Not every New Testament teaching could have been reconstructed in advance from the Old Testament alone. It's why Jesus is the Prophet of Deuteronomy. It's why he is the Message who alone knows the Father in face-to-face fellowship and who alone rests his head on the Father's chest. I do not think the disciples would have understood the parable of the wheat and the tares simply by reading the Hebrew Bible. Some truths are newly disclosed, clarified, or brought into sharper focus through the teaching, death, resurrection, and ascension of Christ. But other truths were already there, embedded in the Law, the Prophets, and the Writings, waiting to be read with greater care.

That distinction matters. The New Testament reveals fulfillments of the Old Testament, and it also clarifies it. But the New Testament does not replace the Old. It does not render it obsolete as Scripture. It teaches us how to read it more fully in light of Christ. The Law is fulfilled, but the role of the Law, Prophets, and Writings largely remains the same. 

This is also where original-language study becomes so important. Hebrew and Greek tools do not give interpreters secret meanings hidden behind the Bible. That is a dangerous way to think about the biblical languages. The value of language tools is not that they allow us to bypass the text, but that they force us to slow down with the text. 

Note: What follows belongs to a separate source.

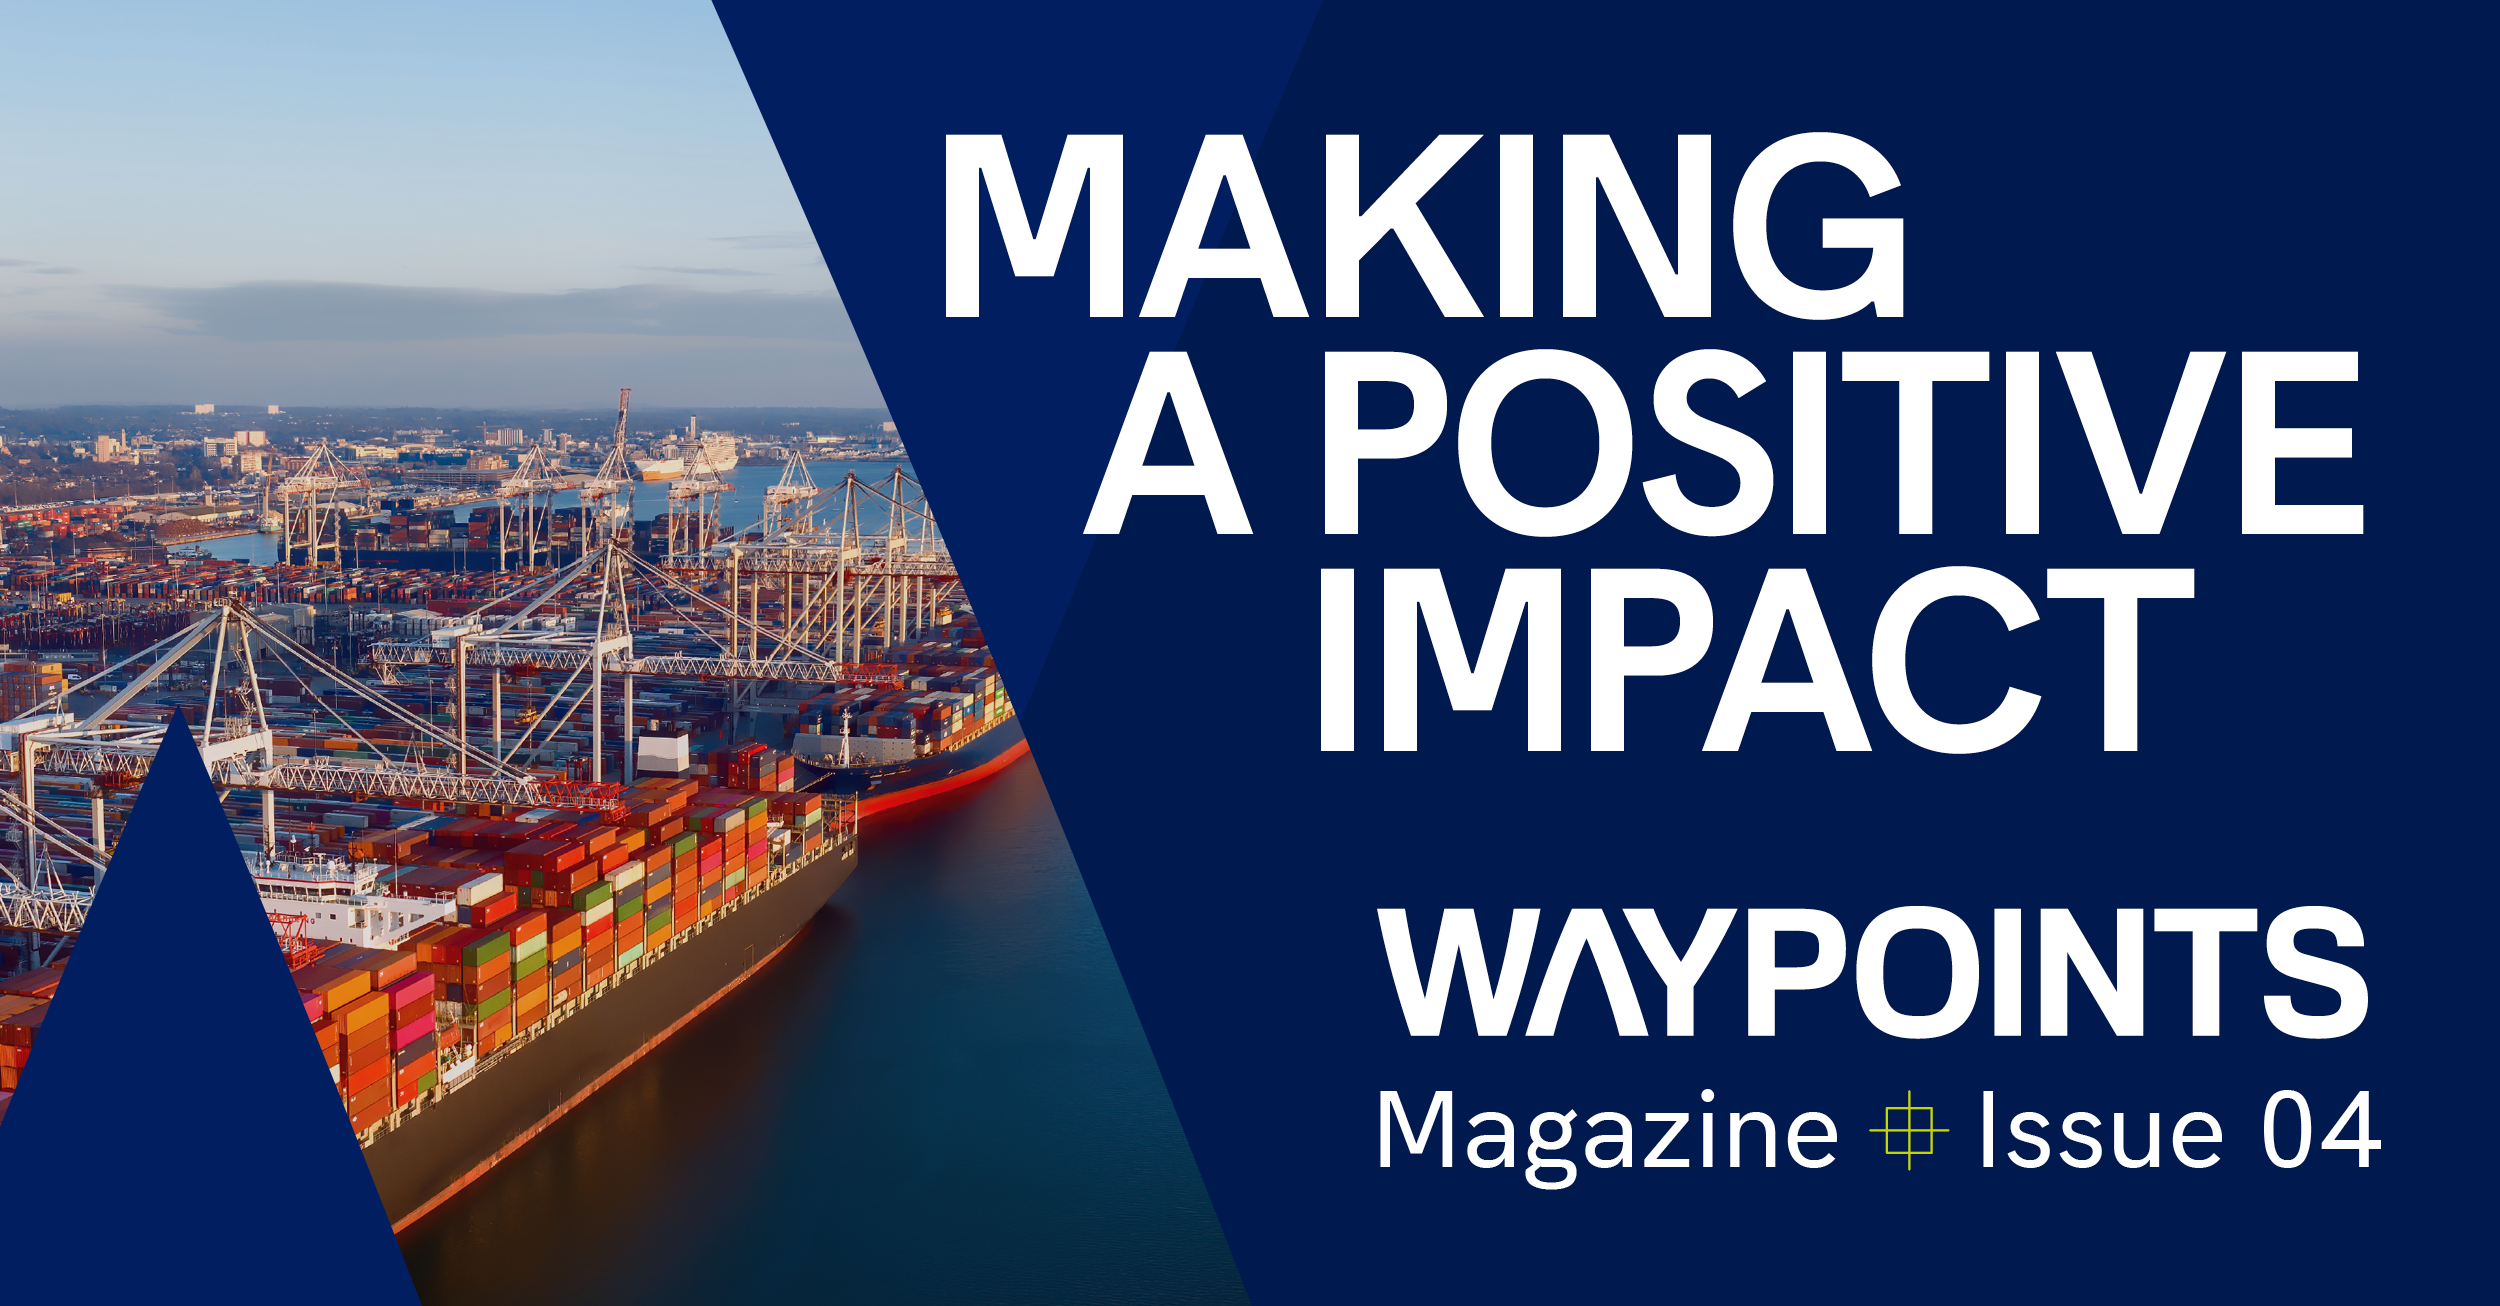 Making a Positive Impact - Waypoints Issue 04

For students who do not yet know Hebrew or Greek, this is especially important. The goal is not to pretend to be language experts. The goal is to become better readers. When the Old Testament is neglected, Christian theology becomes thin. Sin is detached from creation and fall. Grace is detached from covenant and sacrifice. Jesus is detached from messianic promise. The gospel becomes a message without its divinely given narrative frame. Even ethical teaching becomes unstable, because the church loses the holiness, justice, mercy, and wisdom revealed throughout the Old Testament.

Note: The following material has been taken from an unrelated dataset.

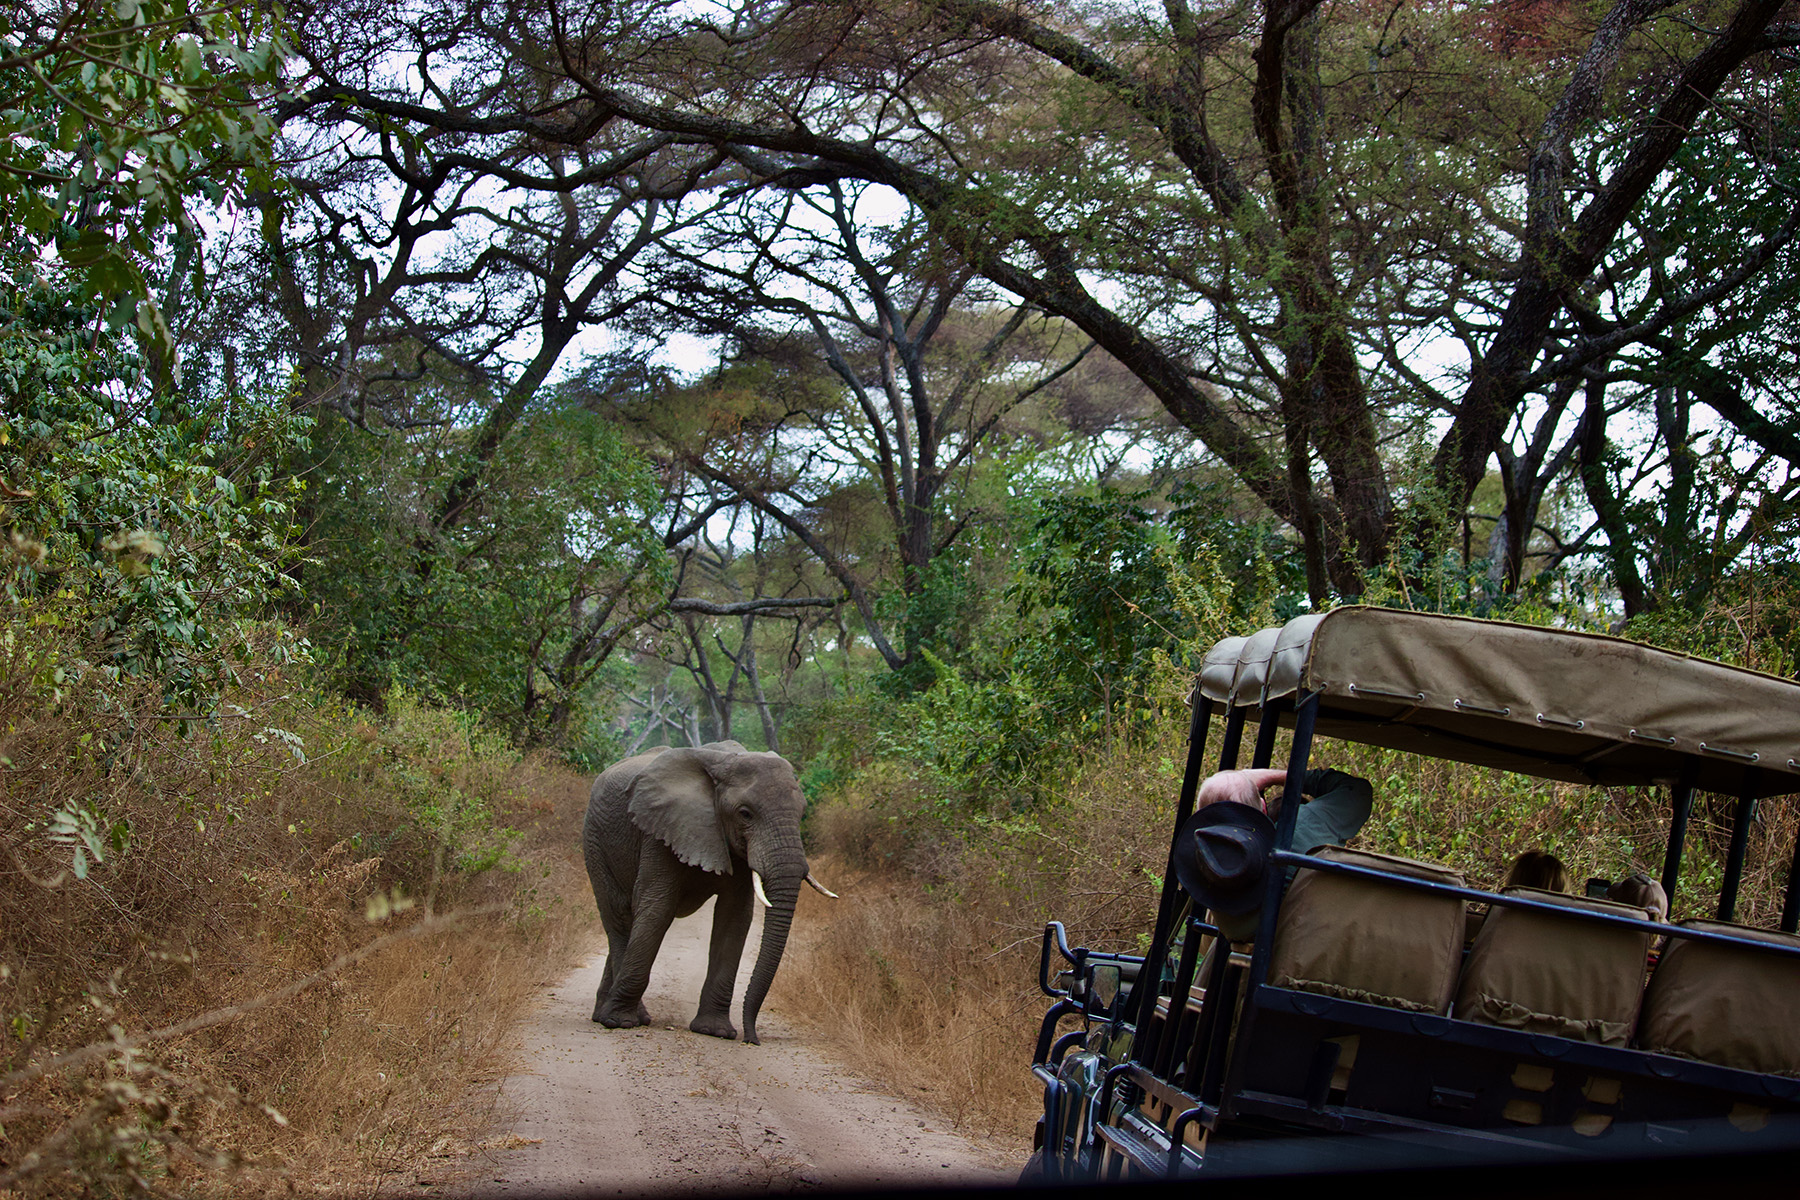 Objects are closer than they appear, Lake Manyara National Park, Tanzania, Africa

But when the Old Testament is studied carefully, the New Testament becomes richer. Christ is not diminished by reading the Old Testament deeply. He is seen more clearly as the one to whom the Scriptures bear witness.

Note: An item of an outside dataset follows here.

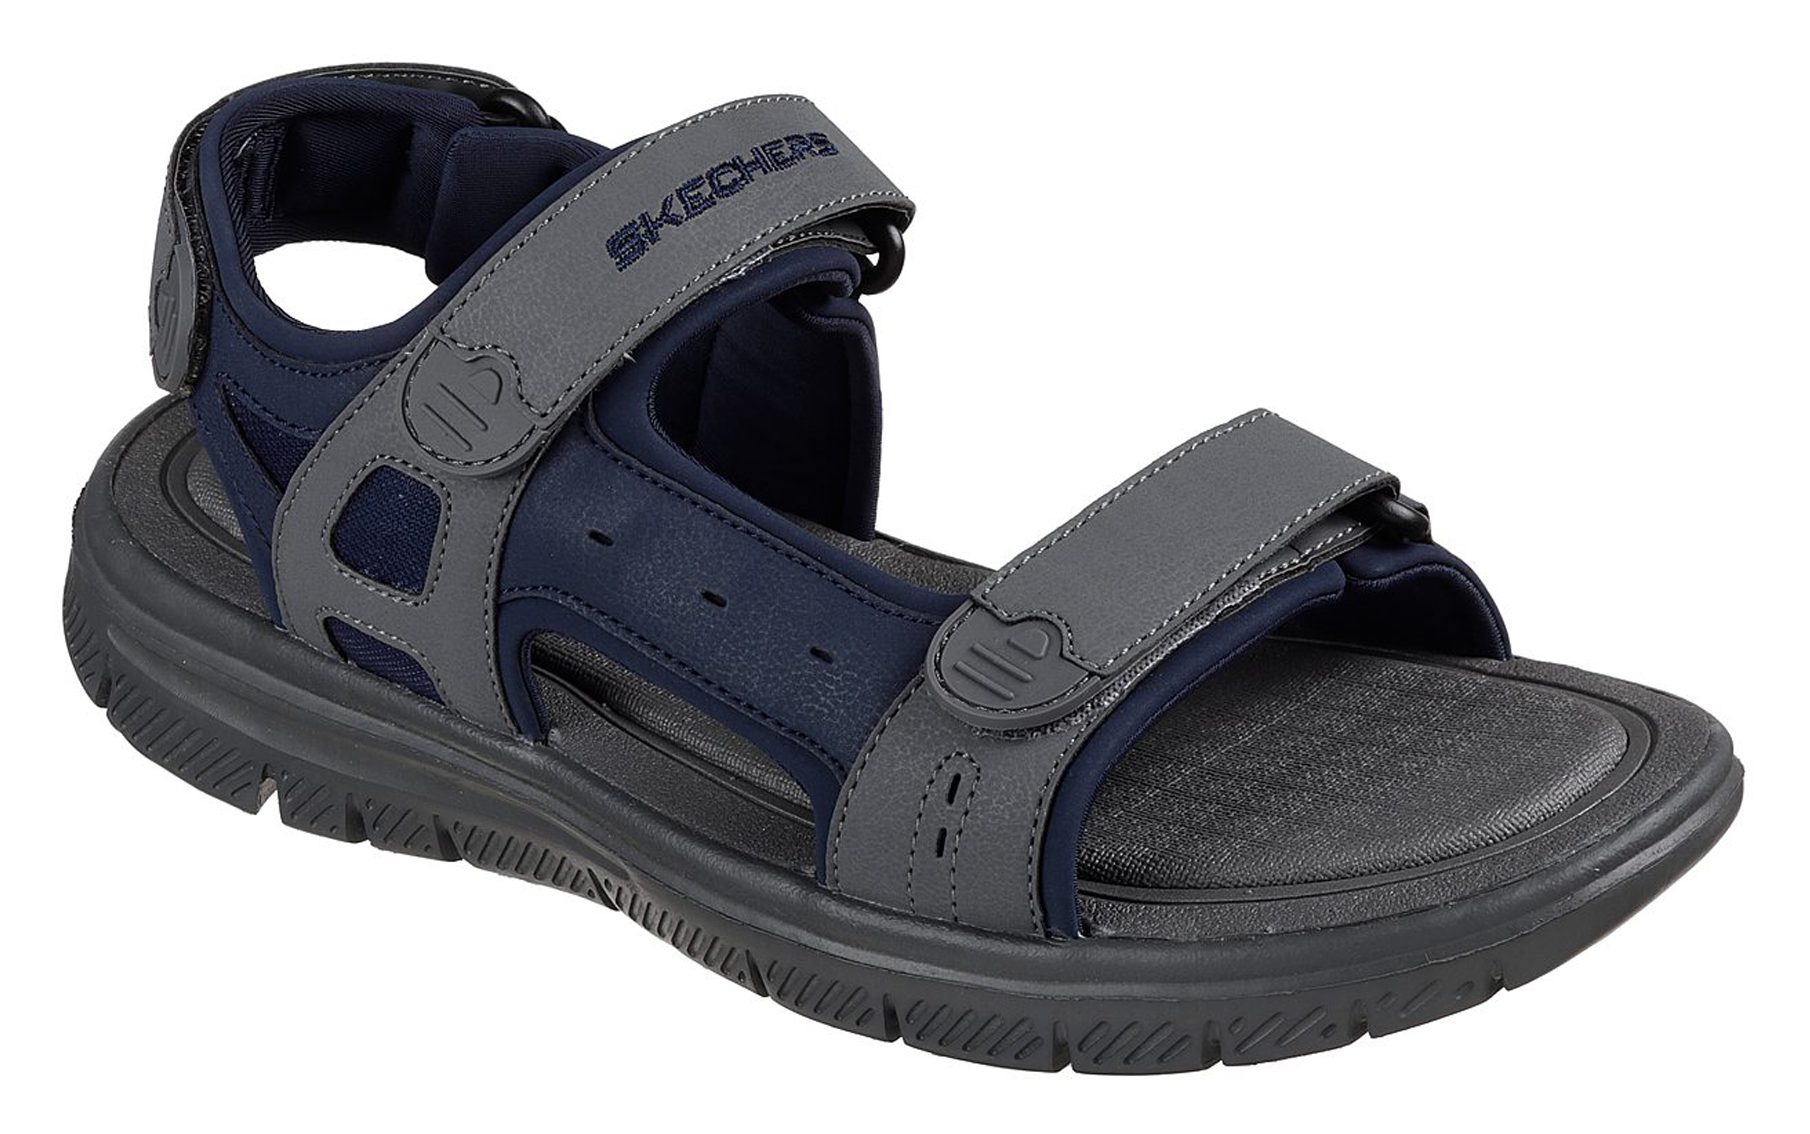 Skechers Flex Advantage S - - Navy Full 51874 Charcoal Humphries Shoes - NVCC Sandals / Upwell

New Testament philology, then, cannot involve merely the study of the Greek New Testament. It is the study of concentric circles––the New within the Old. To read the New Testament well, we must listen to the Hebrew Bible, attend to the Septuagint, weigh the language carefully, and trace the theological patterns that reach their fullness in Christ. The Old Testament still speaks. And if we want to understand the New Testament faithfully, we must learn to hear it.